I hate Apple’s control of app distribution, but while they’re at it why not ban useless release notes like “bug fixes and improvements” or “we improve the app every week”. If devs don’t know how to document what’s new, feel free to scroll through the M.b release notes history going back 7 years.

@manton I think the big thing there is that ++app version == ++feature is less and less of a thing every day.
For most major apps, features get added to apps but stay hidden behind feature flags until launch, so putting them in release notes would just be confusing to users.

@colin That’s true, but that’s a choice that these major apps are making. They could still align new releases with enabling new features.
You are absolutely right but as a developer and user I assure you that unfortunately no one reads those notes. Only us technicians.

@manton I seem to recall they put out an edict something like five years ago saying the notes had to be better than that. Too busy policing Casey Liss's movie poster choices to enforce it, I guess.

@manton I don't think that's necessarily true, unless you're solo or a very small team.
Since most apps now involve multiple platforms and web services, all with different dev teams and business stakeholders (🤮), the App Store release is just one of 9000 dependencies, and it's a smoother rollout to stage everything first before turning it on.

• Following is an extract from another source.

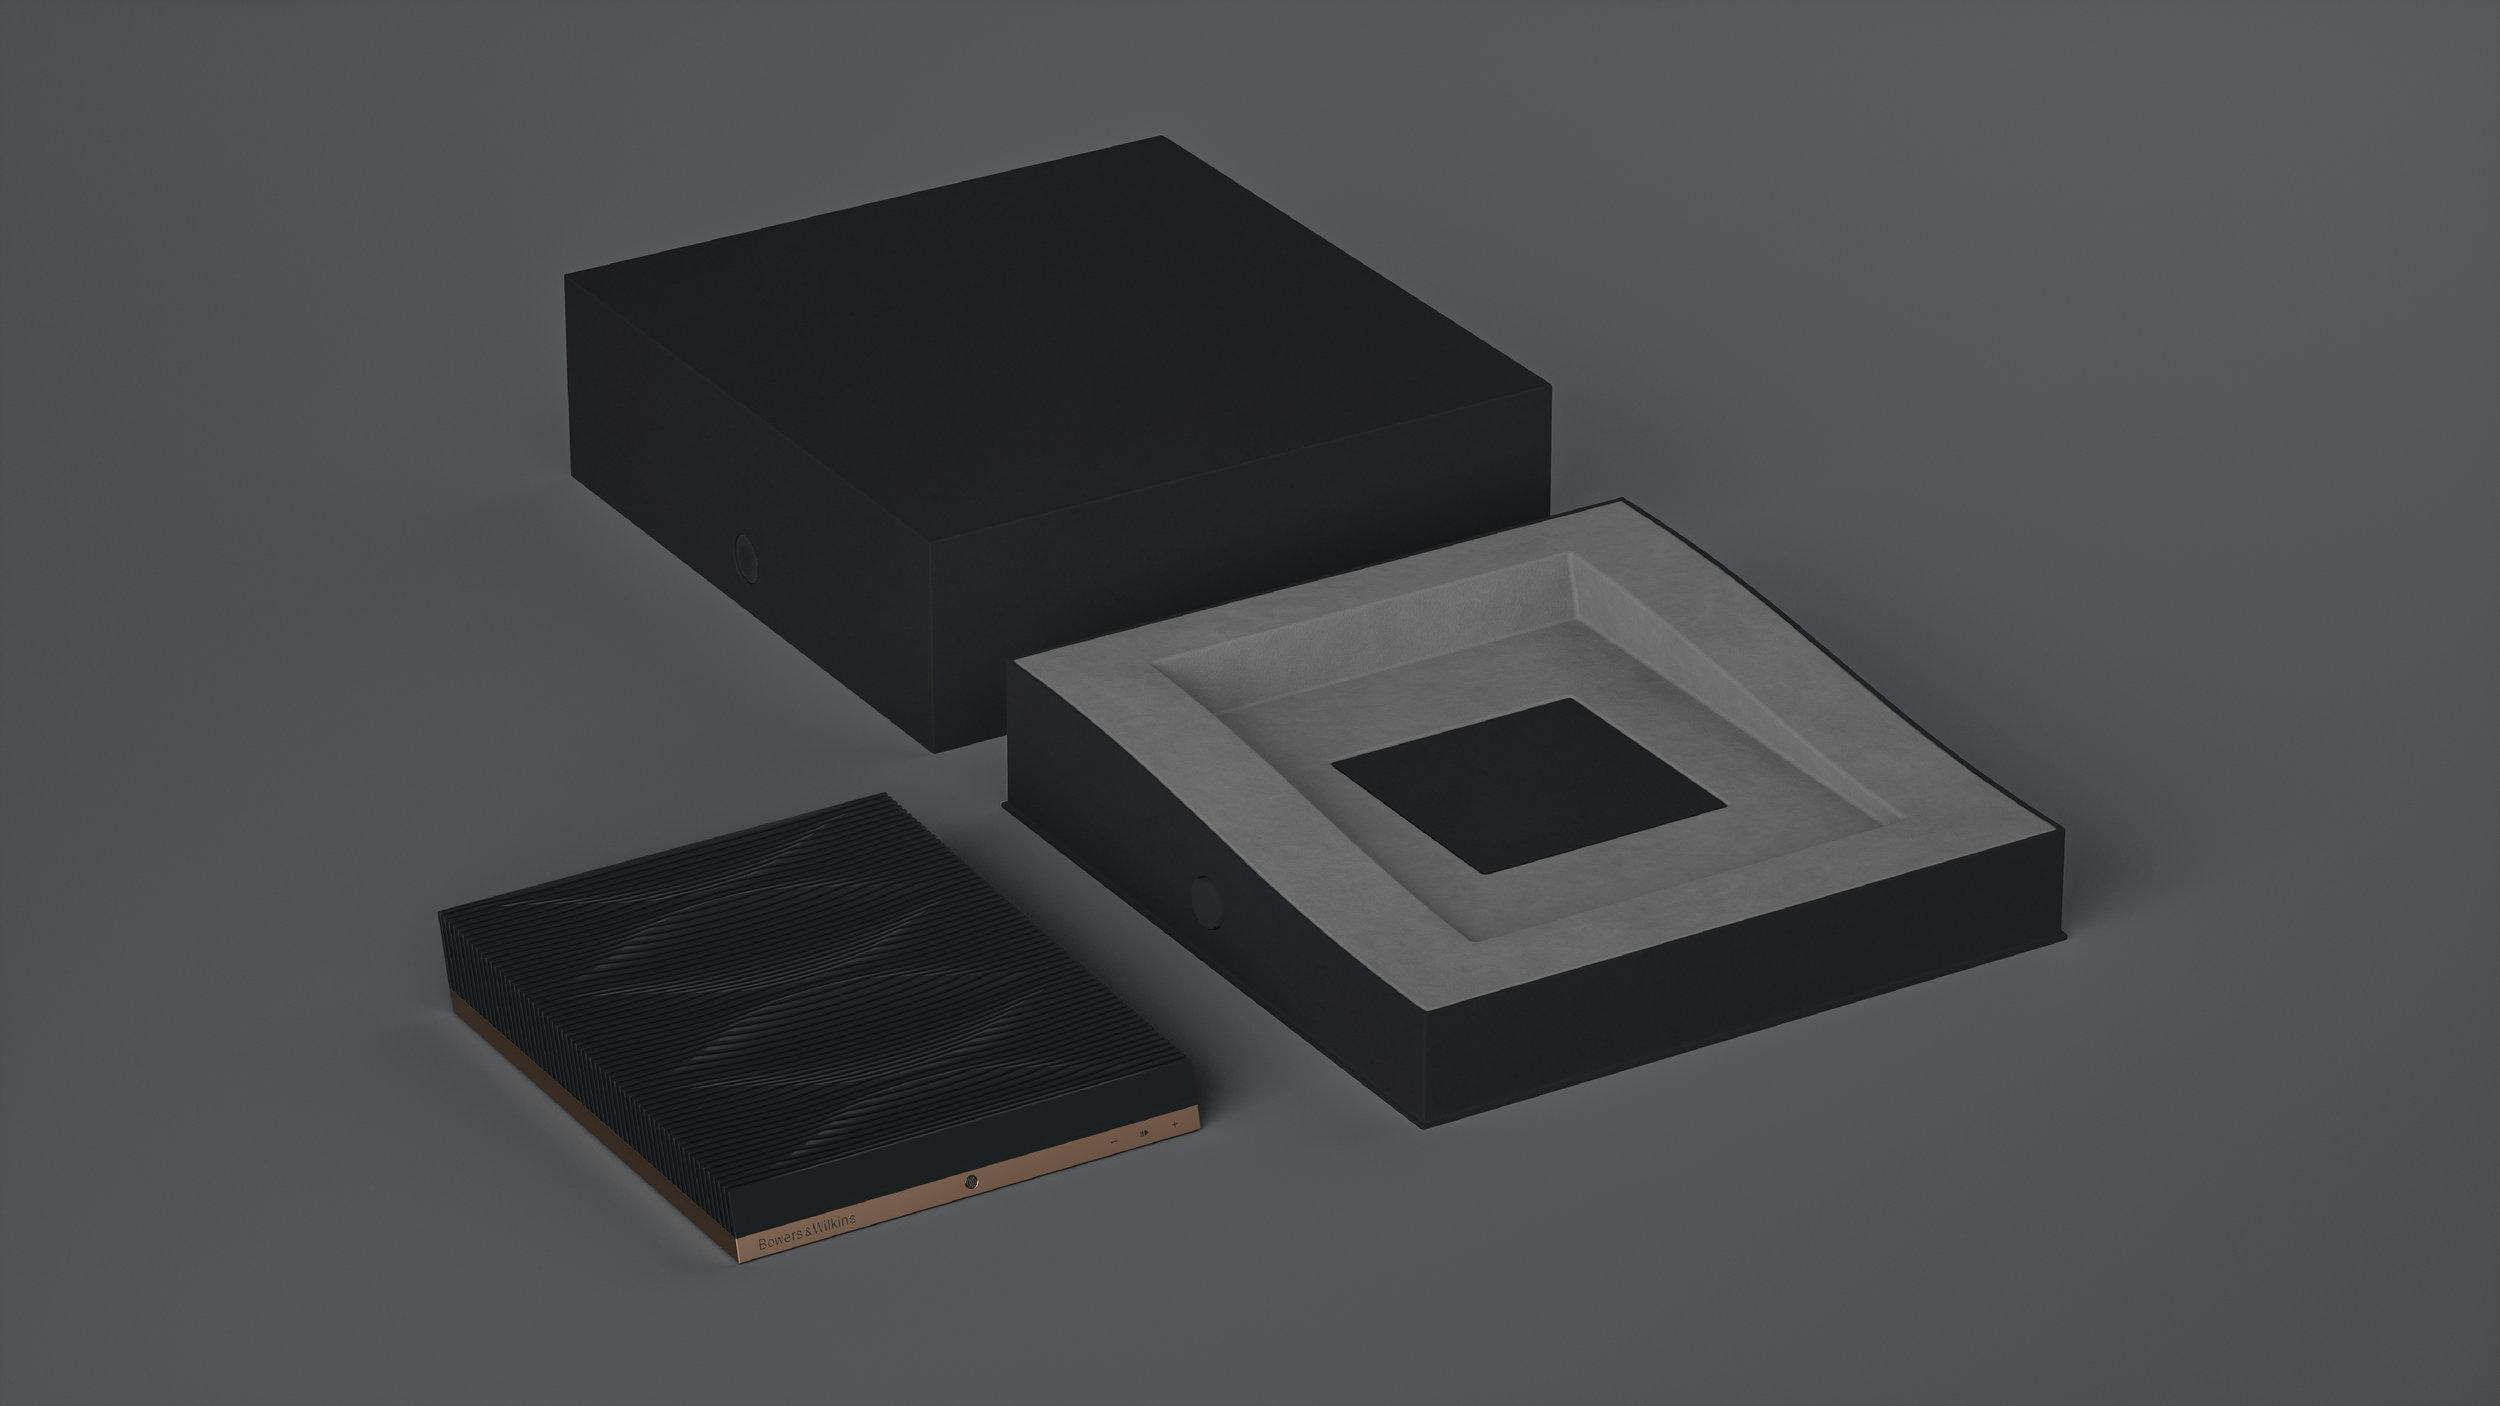 B&W_LibertySuite_PackagingStructure_R141.jpg

I’m using Pixquare, a pixel editor, and there it’s the other way around. Every, yes every, week new features, really useful features, so many I can’t keep up. But still, the developer keeps up, as does their documentation. They are a machine, and it’s a single person. If Facebook did that, publish every feature and fix daily, users would run around with their hair on fire out of confusion.

@manton I read the notes before I install updates. I want a standardized definition of “bug fixes and improvements" (if it's fixing edge cases, performance, etc…) and to have those auto-install, and if there's user-facing difference I want to manually approve/install.